Jeffrey Epstein made at least three attempts to take his own life before he was found dead in his cell in August 2019, with nooses discovered on multiple occasions and warnings from his cellmate dismissed by guards, according to a bombshell investigation by the New York Times.
The paper’s report, based on interviews with former inmates and prison records, offers the most detailed account yet of events inside the Metropolitan Correctional Center in New York in the weeks before Epstein’s death — circumstances that have been the subject of intense public speculation ever since.
At the centre of the account is Nicolas Tartaglione, a former police officer and convicted murderer who briefly shared a cell with Epstein while the financier awaited trial on child sex trafficking charges.
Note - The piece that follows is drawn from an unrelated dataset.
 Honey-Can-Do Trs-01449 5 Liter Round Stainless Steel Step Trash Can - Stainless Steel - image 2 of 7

Tartaglione told the New York Times that Epstein asked him how to make a noose before a first attempt on 22 July 2019, just 13 days into his custody and the same day a judge denied him bail. He claims to have witnessed two further attempts — in one, Epstein tied a sheet to a grate above his cell window; in another, Tartaglione woke to find Epstein acting “a little suspicious,” before discovering a homemade noose hidden under his mattress. Tartaglione told the Times he reported both incidents but was laughed off by jail guards. Another inmate, Peter Bright, told the paper that Tartaglione had spoken to him about the attempts shortly after Epstein’s death.
Following the 22 July incident, an internal prison memo headed “Possible Suicide Attempt” recorded that an officer had been called to Epstein’s cell at 1.27am. A guard wrote: “Epstein had indicated that his cellmate had attempted to kill him and had been harassing him. I observed inmate Jeffrey Epstein lying in the foetal position on the floor of his cell, wearing a T-shirt and boxers. He was breathing heavily.” Epstein accused Tartaglione of attempting to “extort” and “kill” him, but an internal investigation cleared the ex-cop. Epstein reportedly told prison staff that ongoing harassment was causing him to make the attempts on his own life. He was taken to a special unit and placed on suicide watch.
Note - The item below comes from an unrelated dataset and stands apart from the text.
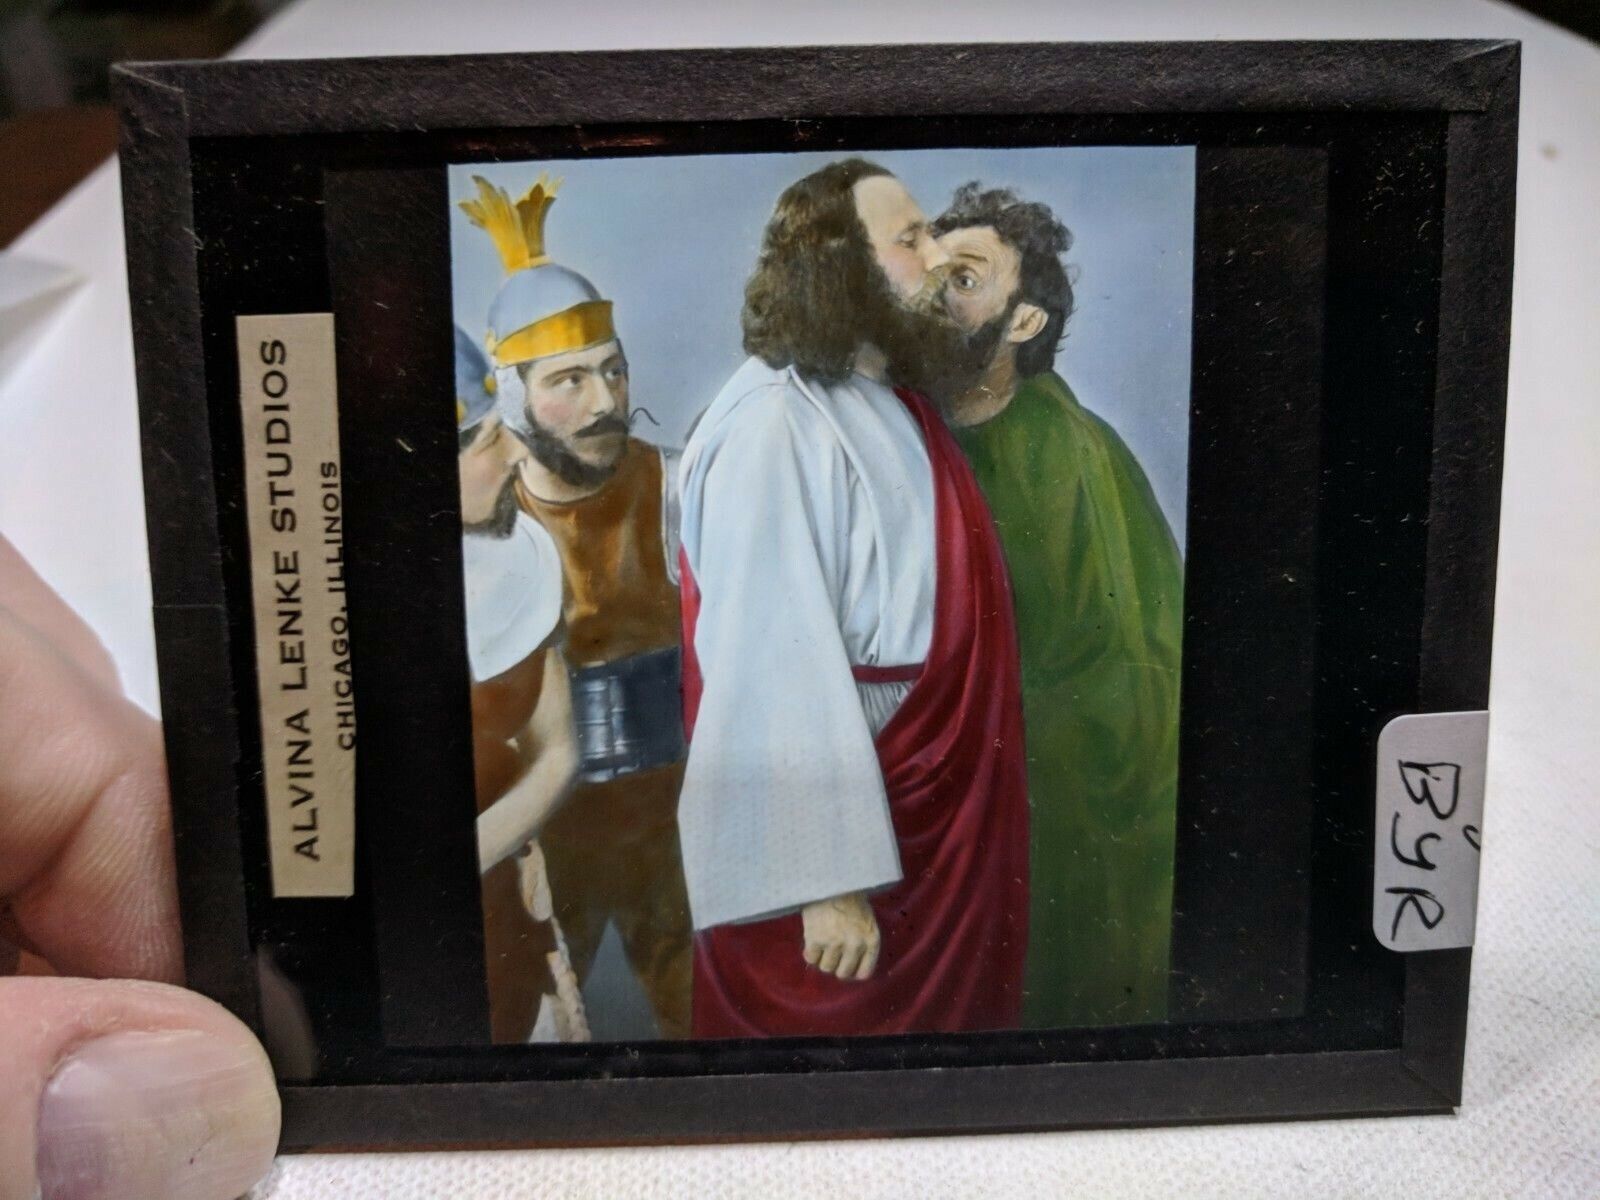 COLORED Glass Magic Lantern Slide BYR Cast on THE STAGE PASSION PLAY CHRIST #52

The New York Times concluded that while procedural failings — including leaving Epstein “alone in his cell in spite of clear guidance to the contrary” and a failure to catalogue evidence from his cell carefully — created the mysteries that have surrounded his death, interviews with those who knew him in custody pointed more strongly towards suicide than any alternative explanation.
The report comes after a court last month released what is said to be Epstein’s suicide note, in which the convicted sex offender appeared to claim investigators had “found nothing” on him and described the circumstances of his prosecution as unfair. The note concluded with the words “NO FUN” and “NOT WORTH IT!!” underlined.